We have worked around these limitations by utilizing the completion usage statistics from our products. Making this data fully anonymous took a lot of effort, but in the end it all worked out well. You can find more technical details in this JetBrains blog post

These are just a couple of examples that people face when trying to collect the training data from the AI-powered algorithms.

Resource requirements

AI algorithms are hungry for resources. This hunger has different implications for the learning and exploitation phases. Resource limitations impose extra costs on the learning phase where the algorithm developers may decide whether or not to invest in hardware. But during the exploitation phase, it is not the algorithm developers’ resources but their users’ resources that are the limiting factor.

A standard solution to the problem of resource demand during exploitation is to move the resource-intensive computation to a remote cluster. Our clients usually want to keep their source code inside their protected network, so using a remote server is often impossible. This means our algorithms have to work inside the source editor on the user’s laptop. The editor has a lot of features and consumes a considerable amount of resources already, so every newly allocated byte counts. 

There is a chasm between a normal software developer’s view on resources and the view that a machine learner has. The following story can illustrate how deep and wide this chasm is.

When we first replaced rule-based code completion with machine learning, the team responsible for the task reduced the additional memory requirement to 1.5 MB. The team thought such a reduction bordered on the impossible and were all quite proud of it. It’s funny how different people react when they learn about it:

The academic AI researchers we were collaborating with said: “1.5 MB? You must be joking! We would have started with about 1 GB!”

On the other hand, the traditional tool developers who reviewed the change said: “1.5 MB? Why do you need so much?” 

Researchers often assume infinite resources, whereas production has to run on the available hardware. That’s one of the reasons why breakthrough research results in AI are hard to productize.

The interface between the AI and the user

But even when remote execution is possible, running the AI on a remote server instead of the client’s machine may present a significant usability issue.

Any delay can be intolerable to users, especially if it is for something quite small. Therefore, a round trip to the server is forbidden for code completion, feature recommendations, and other AI-powered improvements.

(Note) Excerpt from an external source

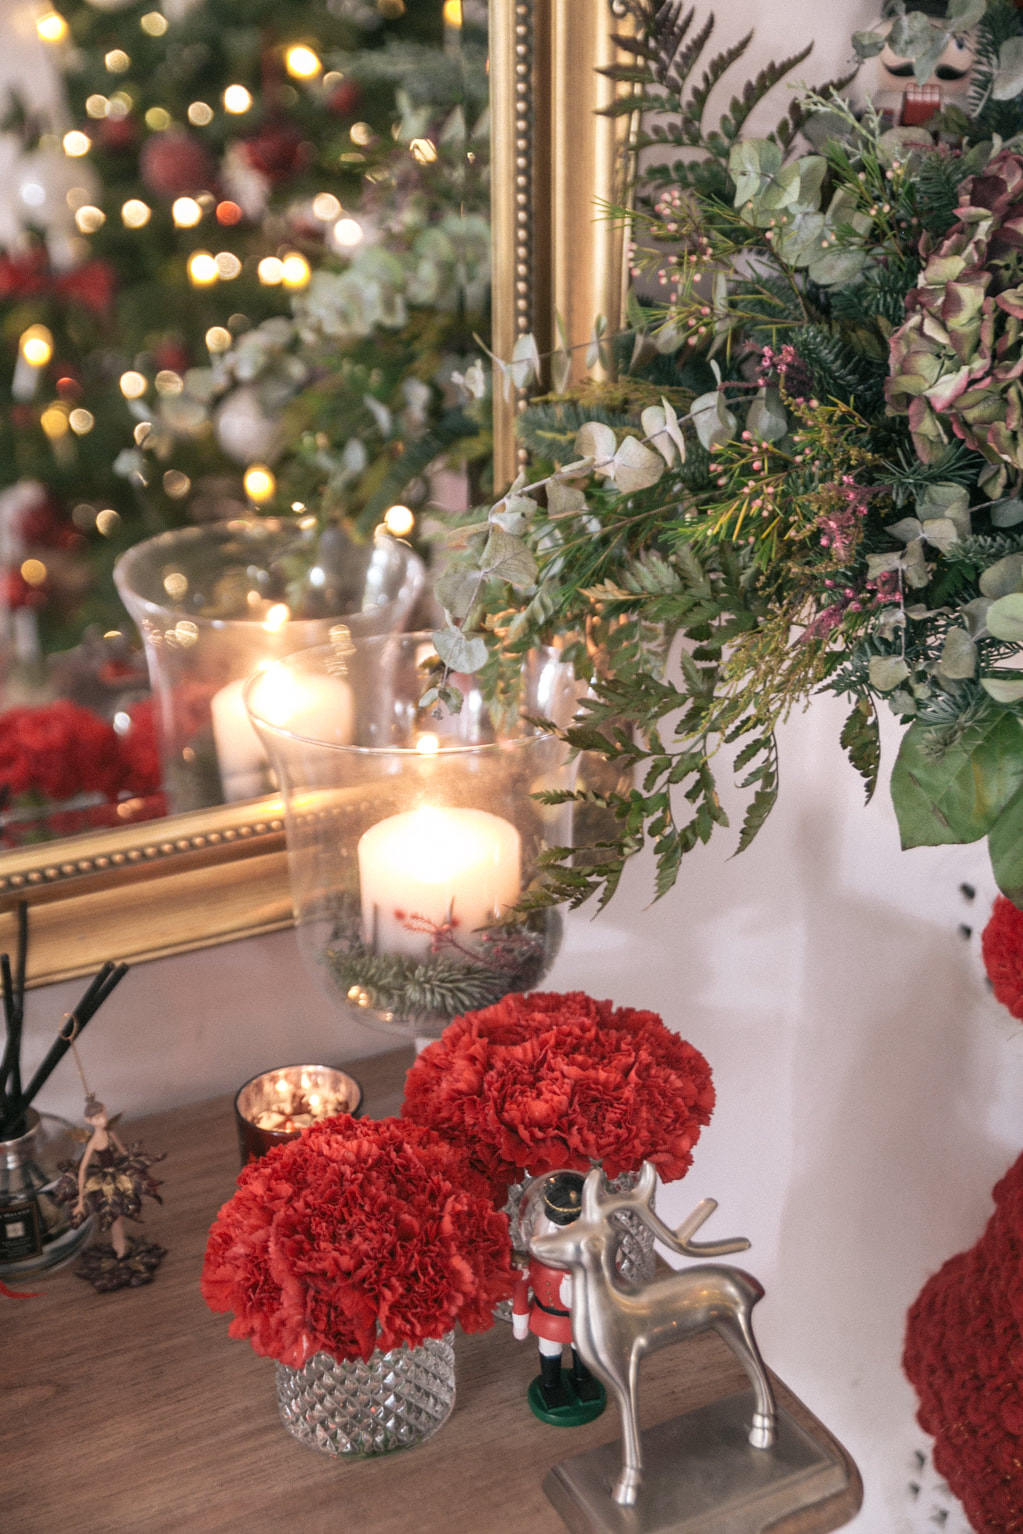 Red and White Christmas hallway decorations by The Belle Blog 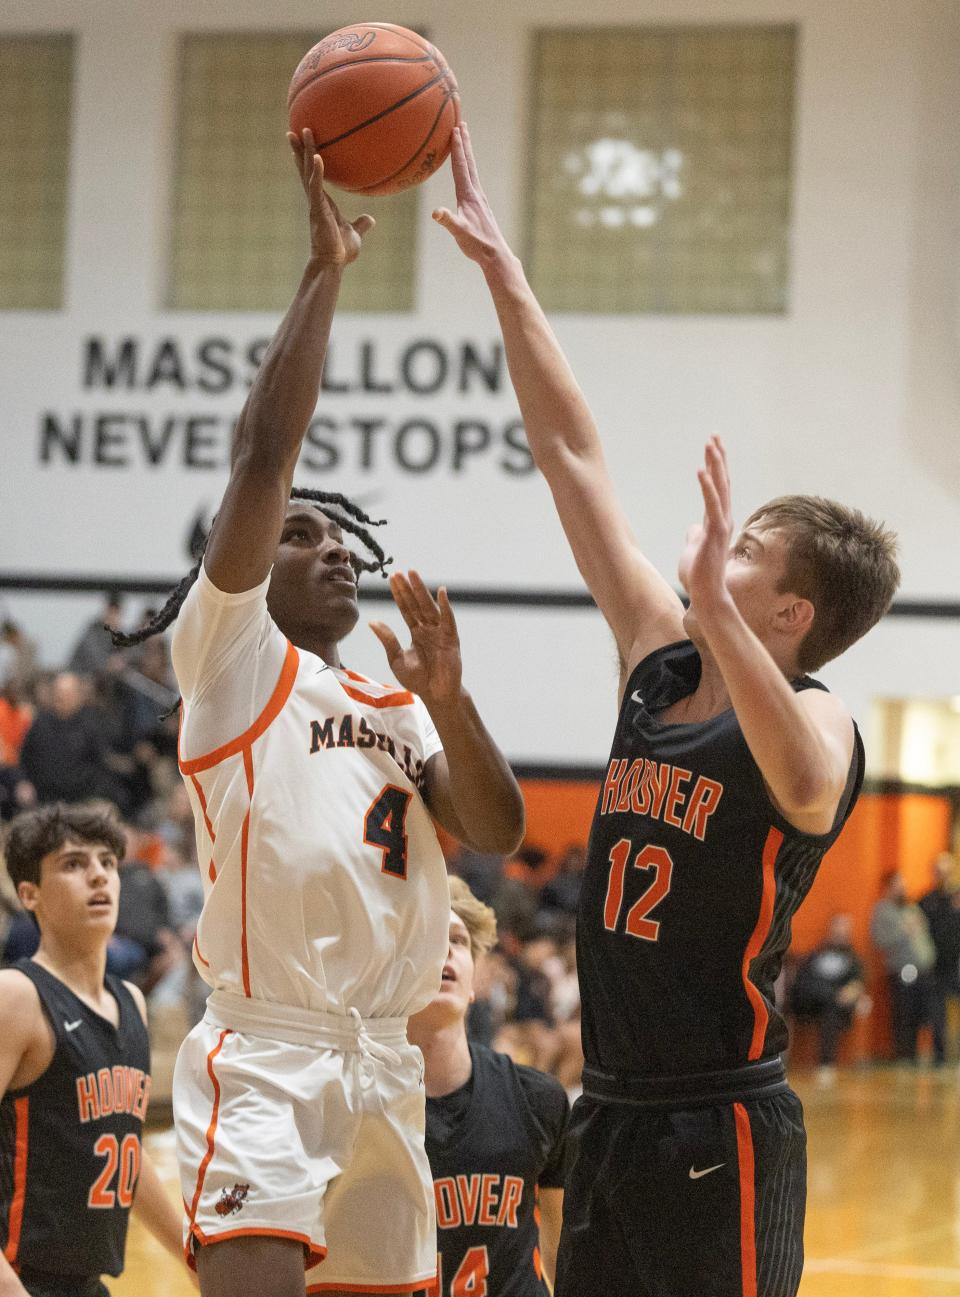 Massillon's Terrelle Keyes shoots in the first half as Hoover's Hudson Pringle defends.

Even with sufficient speed, AI-powered features must almost seamlessly blend into users’ workflow and not be a distraction.

For example, we can find some bugs in the user’s code. At first sight, this seems like the kind of functionality users would be likely to embrace. The challenge, though, is to find the right time to report a bug. Alerting the user when they are knee-deep in their coding will only distract them and probably cause them to disable the feature. We must catch the moment the programmer has completed a chunk of work and is in a state of mind to check it for problems before moving further.

Perhaps here we could do with an AI algorithm that would decide when to present the results of another AI algorithm?

Looking forward

AI is coming to software development, just as it is coming to other domains, attempting to both mimic humans and augment their work.

Computers can now write code, but we don’t see this as an industry transformation. The ability to write code is not sufficient to replace a human programmer. It turns out that the ability to consider complex interactions of software components is critical, and AI is not there yet.

In the meantime, there are numerous opportunities to use machine learning to deliver minor improvements, and the accumulated sum of these improvements can make software developers much more productive. The companies working on software development tools are quickly developing the ability to productize AI-powered solutions for small tasks, so we expect more such solutions to emerge in the near future.